Archbishop Borys Gudziak, who heads the Ukrainian Catholic Archeparchy of Philadelphia, a Byzantine church, told the conference that in Philadelphia, people could hear four different English translations of the same text, depending on whether they were worshipping at a Ukrainian, Ruthenian, Melkite or Orthodox parish.
But he focused more on the instruction’s call for the Eastern churches to recover the “mystagogical” role of the liturgy, its role as the place where, as the instruction said, “catechesis and religious teaching occurred; the Scripture was proclaimed and commented; the catechumens and penitents were prepared for baptism and reconciliation”; and from which service to the community flowed.
To strengthen that reality, Gudziak said, what is needed is “not so much a change of rubrics, but first a change of hearts and minds.”

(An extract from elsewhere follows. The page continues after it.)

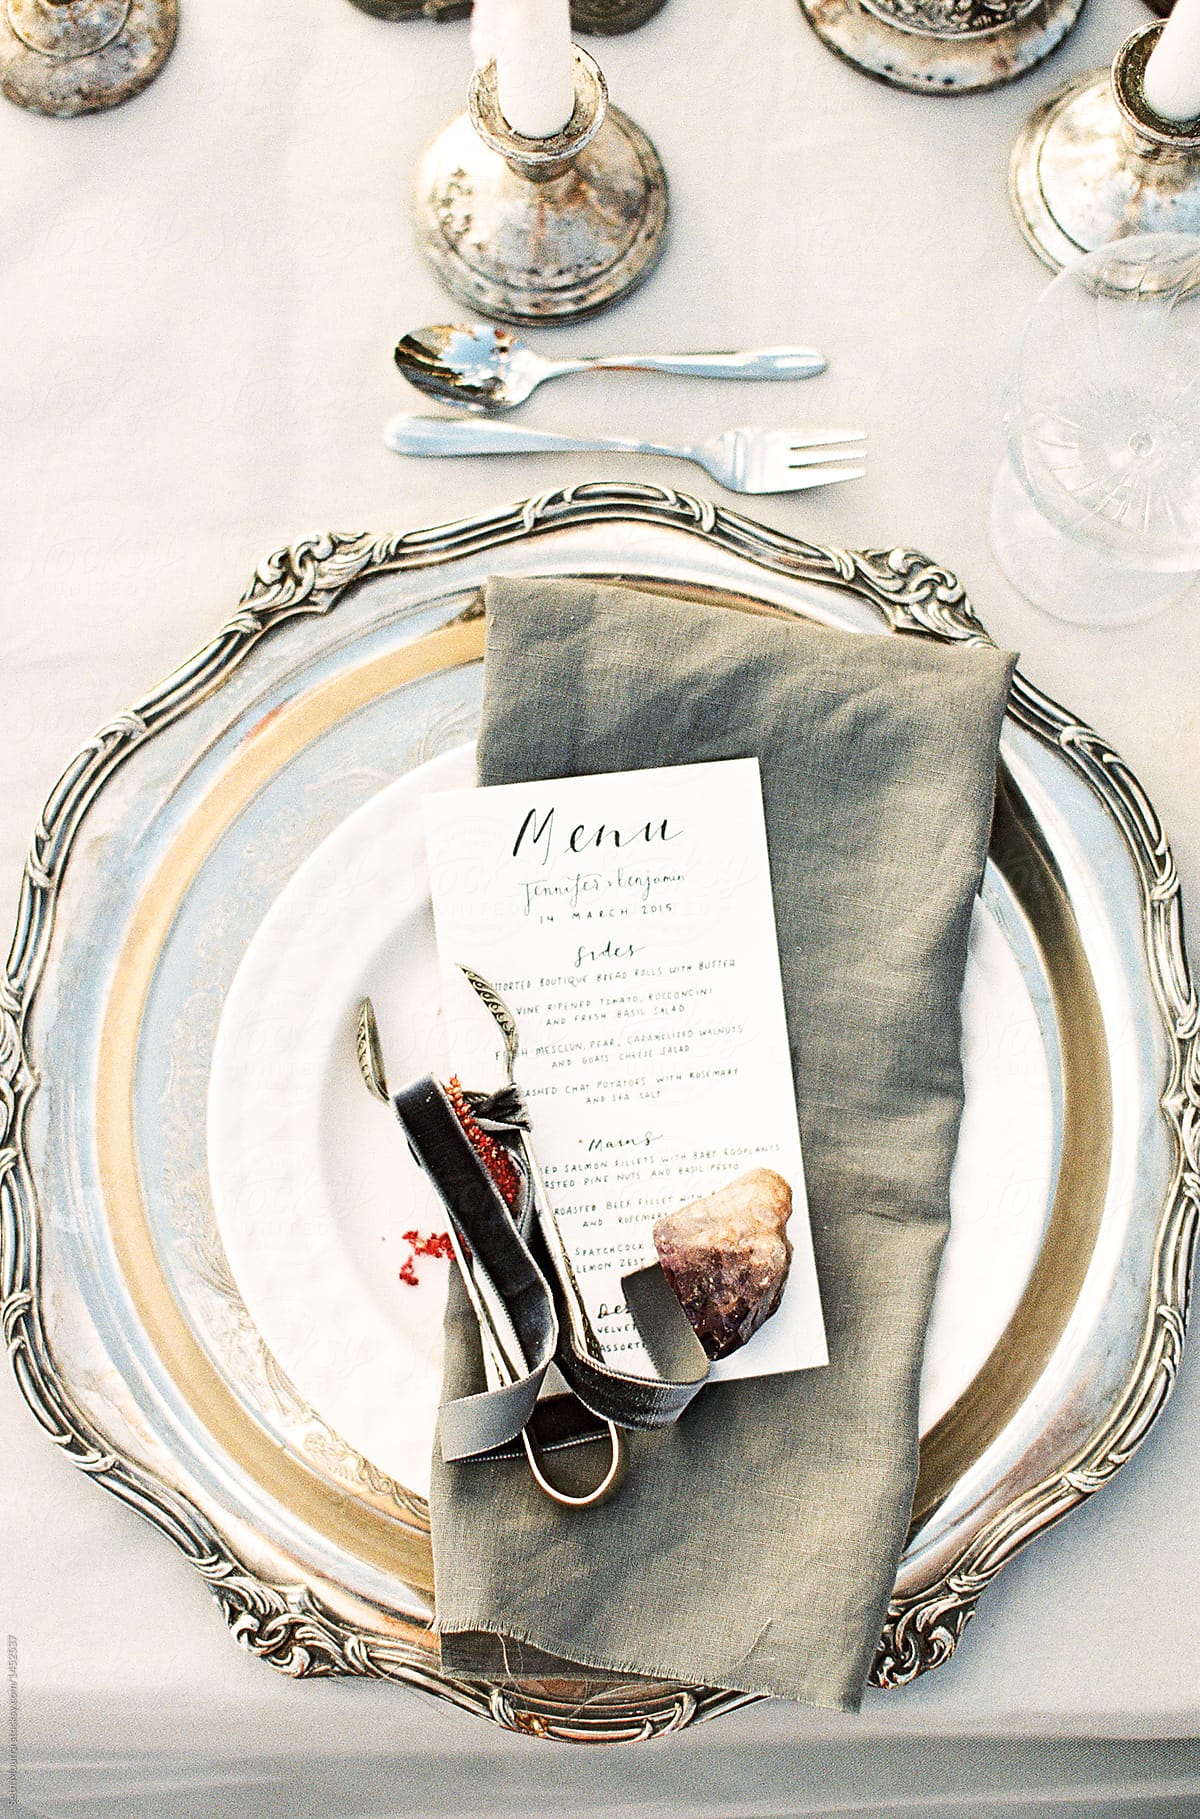 Silver Place Setting

“It requires the clergy and faithful to slow down, to take time to be with God and neighbor in common liturgical prayer and to engage in a sacrifice of time and energy in the calling of all humankind to engage in the sacrifice of praise of almighty God,” he said.
And he also urged his fellow bishops to make sure their cathedrals are, as the instruction said, “places that transfer us to a different world, to the presence of God” because regular public prayer is taking place there.
If the cathedrals “remain empty because we ourselves are not praying there on a regular basis,” he said, “our faithful lay people have every right to ask on the eve of every Sunday and feast day, ‘Do you know where your bishop is?'”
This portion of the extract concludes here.